Guillaume Eynard Bontemps
In charge of CNES Computing Center for a year, Guillaume is a specialist in distributed commputing on huge datasets. He has in the past deployed a Hadoop cluster and deployed algorithm on it. He is also a member of Pangeo steering committee and a Dask active user.
Pangeo Data Analysis Platform at CNES and Astronomical Use Cases
Pangeo is first a scientific community, but also a Python software ecosystem and a platform that can be deployed on many infrastructures. Its goal is to provide means ways to make scientific research and programming easier on big datasets coming from simulations ran on HPC clusters (climatic model) or from sensors like observation satellites.
In this demo or talk, we will see how a scientist or an engineer will be able to analyze and process huge data volumes interactively, in a few lines of code, using the software components that are at the heart of Pangeo: Jupyter, Dask and Xarray.
These main pieces of software will be presented:
- Jupyter is the main graphical interface, it advantageously replaces a terminal.

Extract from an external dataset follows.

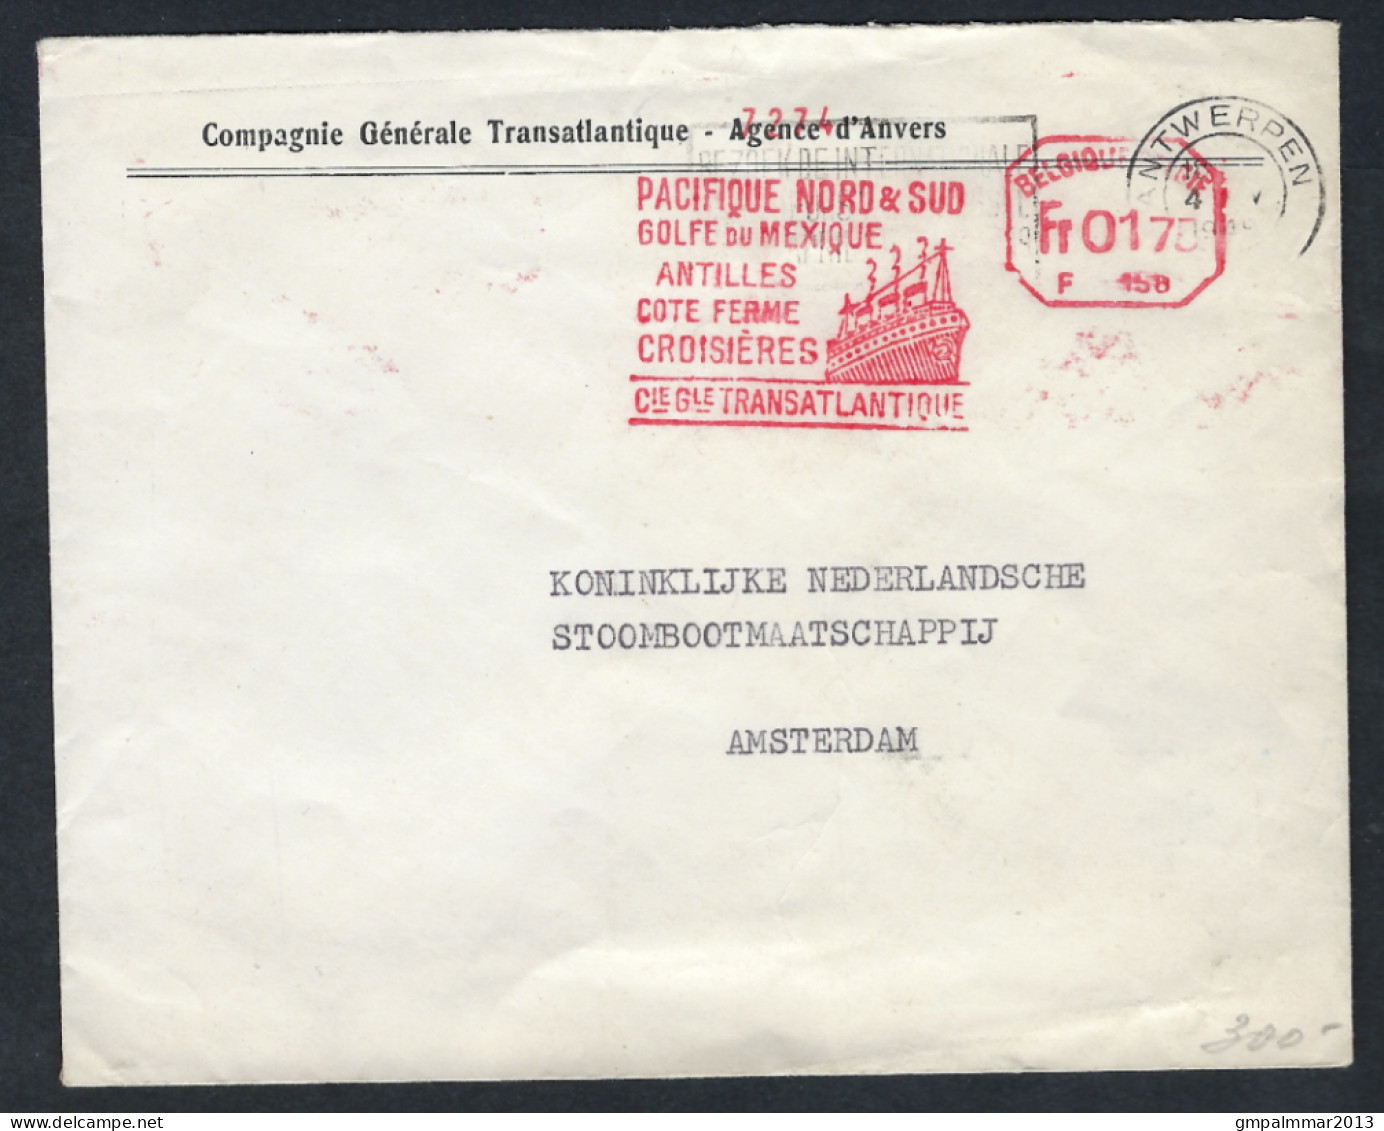 1949 Letter ANTWERP BELGIUM To AMSTERDAM NETHERLANDS Cancel PACIFIQUE NORD & SUD GOLFE DU MEXICO TRANSATLANTIQUE LOT 388 - Cartes Paquebot

- Dask allows scaling computations and data analysis through many nodes or virtual machines.
- Xarray gives a high level representation of multi-dimensional scientific data.
We will also describe the main possibilities for deploying a Pangeo platform: your personal laptop, a public cloud provider or an HPC cluster.
Finally, we will demonstrate Pangeo stack usage through some concrete use cases:
- Statistic computations and visualisation of Gaia data catalog.
- A multi-temporal analysis on Sentinel 2 satellite tiles, in order to watch the evolution of the NDVI (Normalized Difference Vegetation Index) on its pixels.